You’ll walk away with:

  • A practical way to get visibility into AI across your organization so you know what models exist, what they’re doing, and where the biggest risks are hiding.

  • A framework for putting governance and guardrails in place without slowing innovation—so you can move faster than competitors and sleep at night.

  • A clearer path to scaling AI investments into real business outcomes (revenue, cost reduction, risk control) instead of letting models sit stuck in limbo for 9–12 months.

Hit play now to learn how to build AI guardrails that protect your brand and accelerate results—so you can boost business worth before the market decides who survives the disruption.

AI Disruption Starts Faster Than Your Guardrails

[00:00] Jim Schleckser opens the episode by setting the tone: AI isn’t just a trend—it’s a business shift that will separate companies who adapt from those who get left behind.
[02:10] He lays out the “two kinds of companies” reality: the ones embracing AI now, and the ones that won’t survive the next few years because they waited too long.
[05:00] Jim introduces the core CEO problem: if AI adoption spreads inside your company like wildfire, how do you keep visibility and control without crushing innovation?
[07:30] Pete Foley explains how ModelOp began—by helping large enterprises build models and realizing the real issue wasn’t building AI…it was getting it into production.
[10:45] Pete breaks down why AI models can take 9–12 months to deploy in enterprise environments—and why that slow cycle becomes a competitive risk during AI disruption.

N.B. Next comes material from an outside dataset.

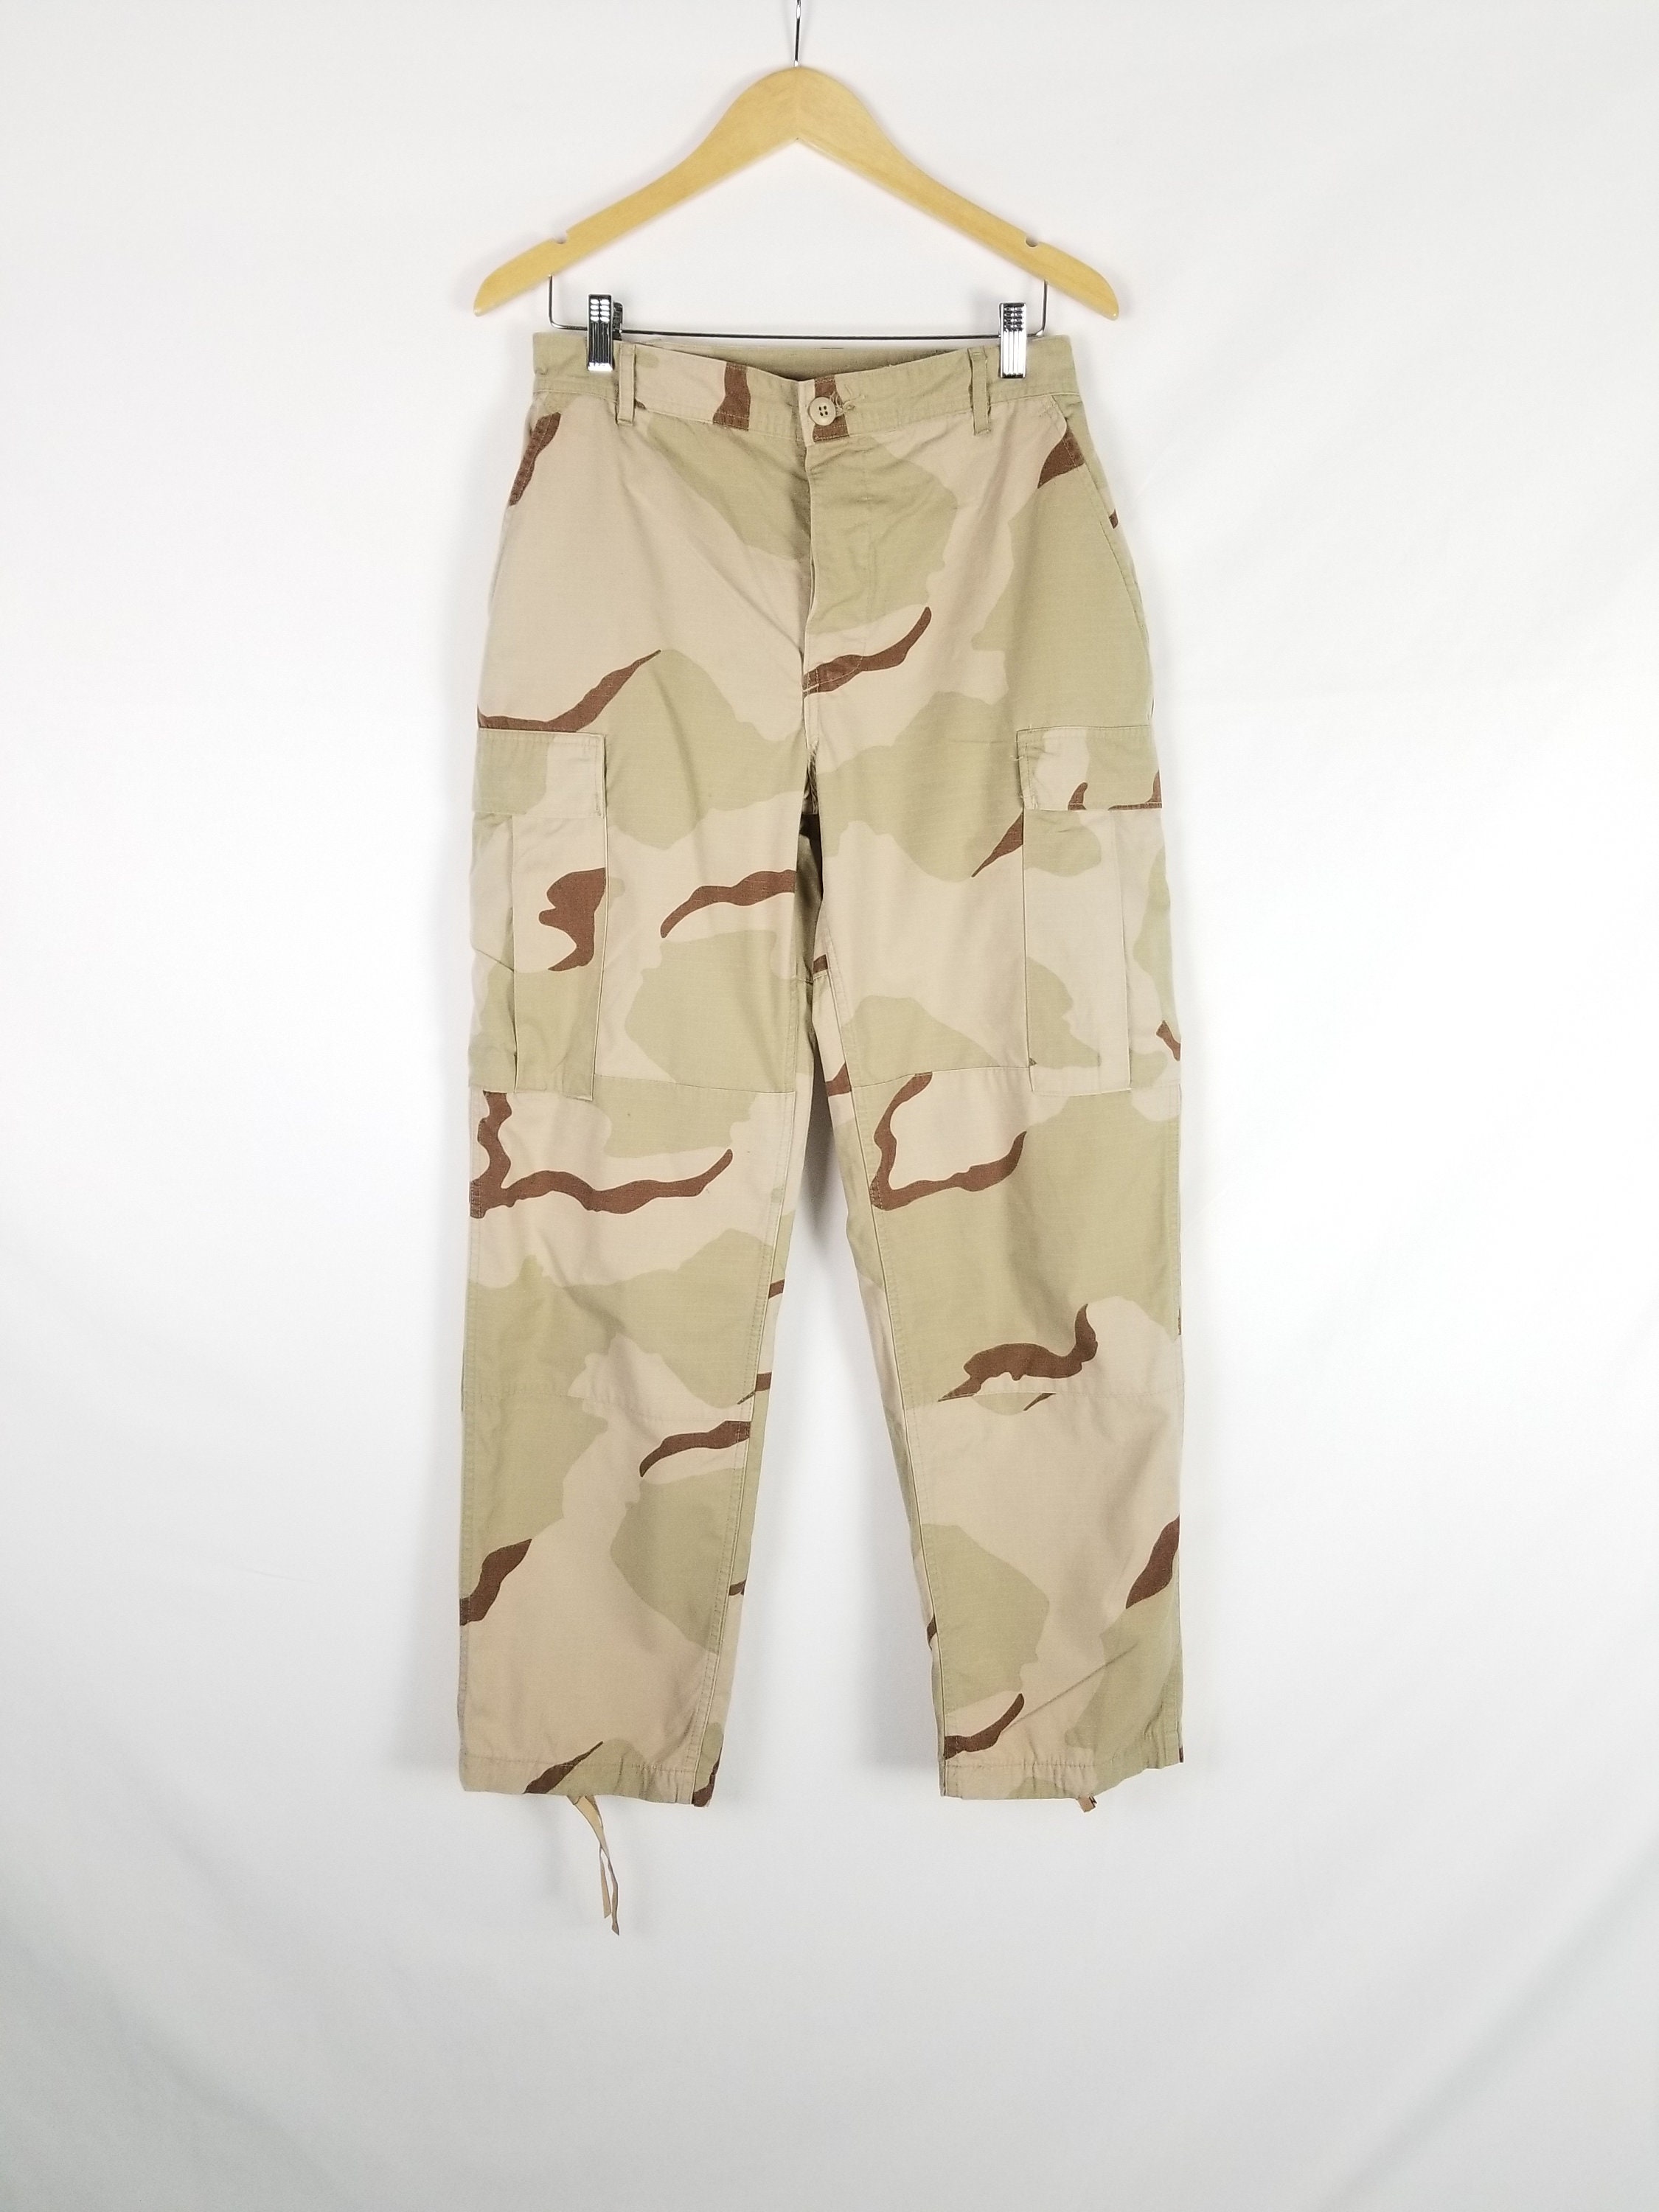 Military Issue, Pants, Vtg Us Military Issue Desert Camo Cargo Dcu Pants  Trousers Medium Reg Am3t5

How to Scale AI Without Blowing Up the Business

[14:20] The conversation shifts to what leadership really needs: a way to manage AI across the entire organization—not just one department or one use case.
[17:15] Pete explains the first priority: visibility. Before you can govern anything, you need an inventory of what models exist, who owns them, and what business impact they touch.
[19:40] AI disruption gets more dangerous when every team builds its own models—because without oversight, risk can spread faster than your ability to respond.
[23:30] Pete introduces the “air traffic controller” analogy: you need a system that tracks every “plane” (model), enforces policies, and monitors performance in real time.
[28:10] They talk about the board-level pressure: AI is now a governance issue as much as a technology issue—because the downside risk can be just as high-impact as the upside.
[33:05] The episode closes with a practical reminder: the smartest move is putting the “tracks” down early—because waiting until you’ve lost control during AI disruption is usually too late.

About Pete Foley

With more than 25 years of executive and entrepreneurial experience in enterprise software and a track record of successful business exits, Pete Foley’s leadership gives ModelOp customers, partners and employees a high level of trust and confidence in the company and its future.

Prior to co-founding ModelOp, Pete held several chief executive roles, including CEO of RingCube Technologies, a desktop virtualization software solution provider acquired by Citrix in 2011; CEO of PortAuthority Technologies, a provider of data leak protection systems, from 2005 through its acquisition by Websense in 2007; and CEO of Infoblox (BLOX) from 2002 through 2005. In addition, Pete was the Executive Chairman of Graphite Systems, a low latency, flash-based big data appliance that was acquired by EMC, from 2012 to 2015.